文章/答案/技术大牛

发布

问Haskell堆栈溢出
EN

Stack Overflow用户

提问于 2011-05-11 05:15:23

回答 3查看 391关注 0票数 7

我正在编写一个遗传算法来生成字符串"helloworld“。但当n为10,000或更大时，演进函数会产生堆栈溢出。

module Genetics where

import Data.List (sortBy)
import Random (randomRIO)
import Control.Monad (foldM)

class Gene g where
    -- How ideal is the gene from 0.0 to 1.0?
    fitness :: g -> Float

    -- How does a gene mutate?
    mutate :: g -> IO g

    -- How many species will be explored?
    species :: [g] -> Int

orderFitness :: (Gene g) => [g] -> [g]
orderFitness = reverse . sortBy (\a b -> compare (fitness a) (fitness b))

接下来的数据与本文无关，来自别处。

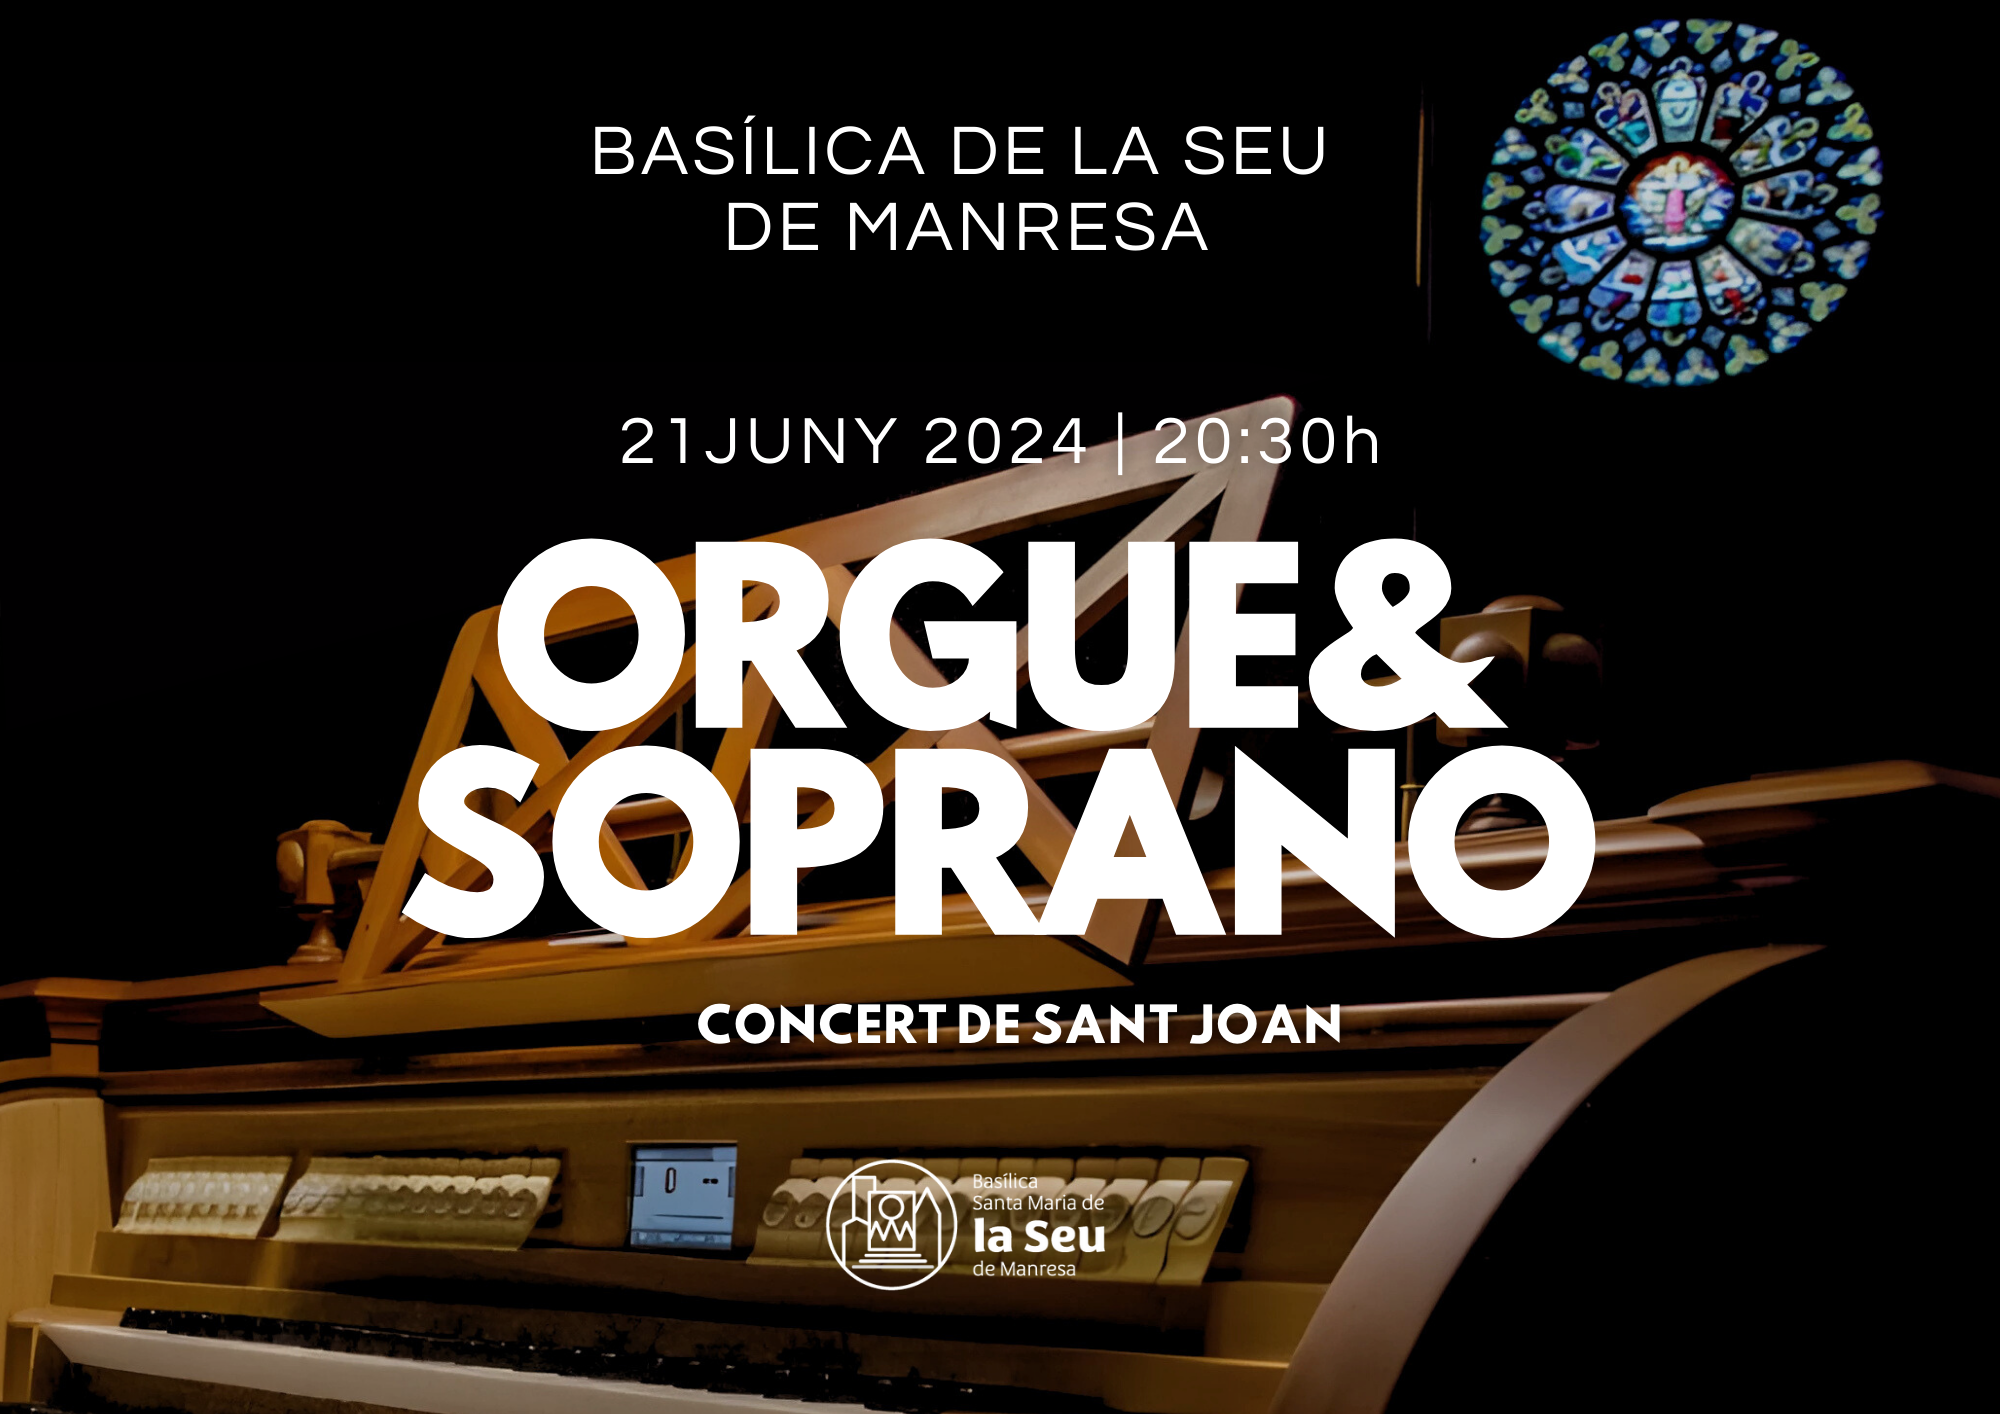 Concert de Sant Joan d'orgue i soprano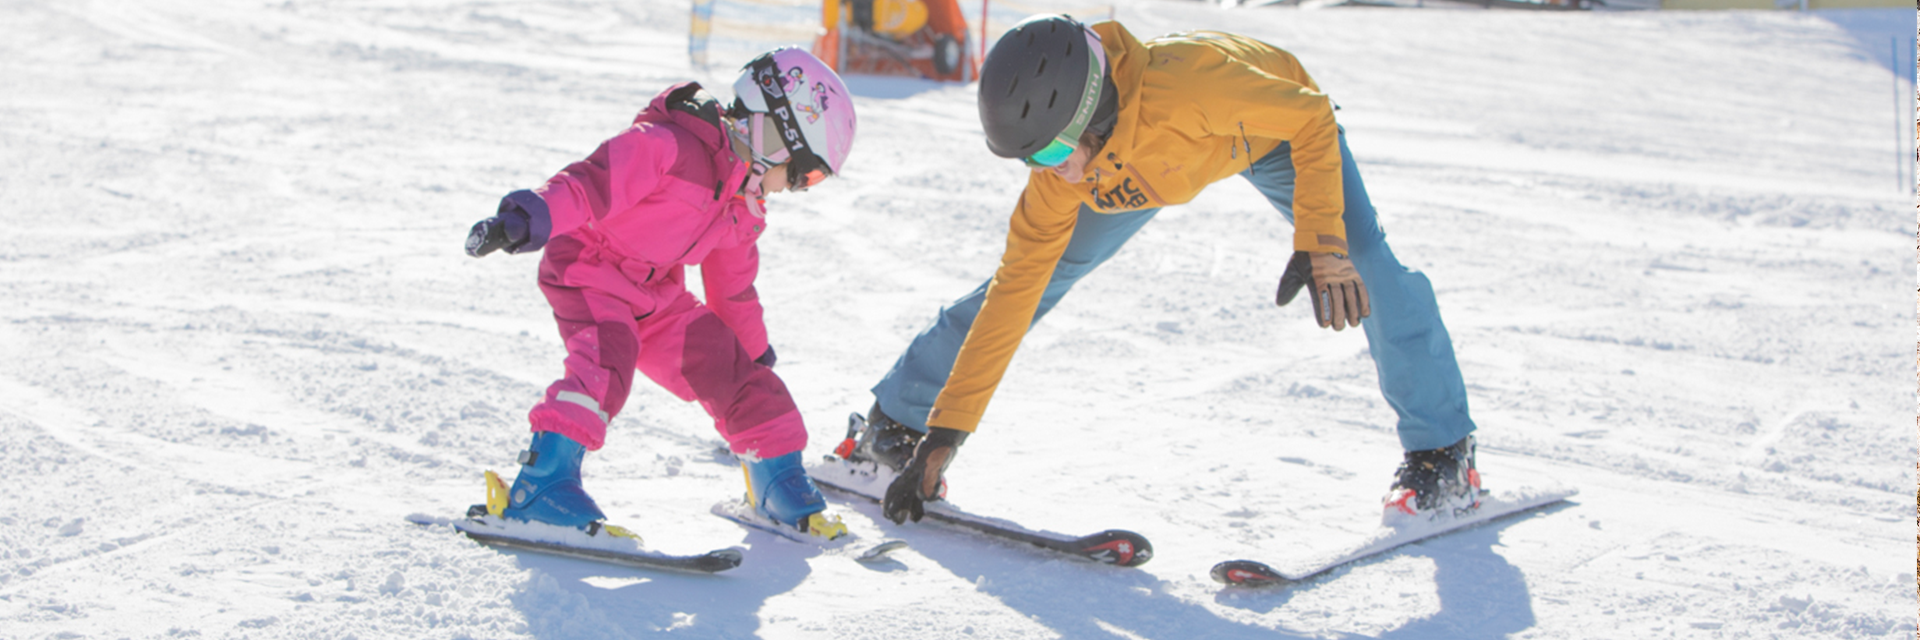 Kinderskischule und Snowboardschule

compete :: (Gene g) => [g] -> IO [g]
compete pool = do
    let s = species pool
    variants <- (mapM (mapM mutate) . map (replicate s)) pool
    let pool' = (map head . map orderFitness) variants
    return pool'

evolve :: (Gene g) => Int -> [g] -> IO [g]
evolve 0 pool = return pool
evolve n pool = do
    pool' <- compete pool
    evolve (n - 1) pool'

有了species pool = 8，8个基因库可以复制到8个组中。每一组都发生变异，每组中最适合的被选择进行进一步的进化(返回到8个基因)。

GitHub

memory

haskell

random

stack-overflow

genetic-algorithm

回答 3

Stack Overflow用户

回答已采纳

发布于 2011-05-11 07:36:58

多亏了唐的deepseq建议，我能够将问题缩小到mapM mutate，它造成了太多的thunks。新版本有mutate'，它使用seq来防止thunking。

module Genetics where

import Data.List (maximumBy)
import Random (randomRIO)

class Gene g where
    -- How ideal is the gene from 0.0 to 1.0?
    fitness :: g -> Float

    -- How does a gene mutate?
    mutate :: g -> IO g

    -- How many species will be explored in each round?
    species :: [g] -> Int

best :: (Gene g) => [g] -> g
best = maximumBy (\a b -> compare (fitness a) (fitness b))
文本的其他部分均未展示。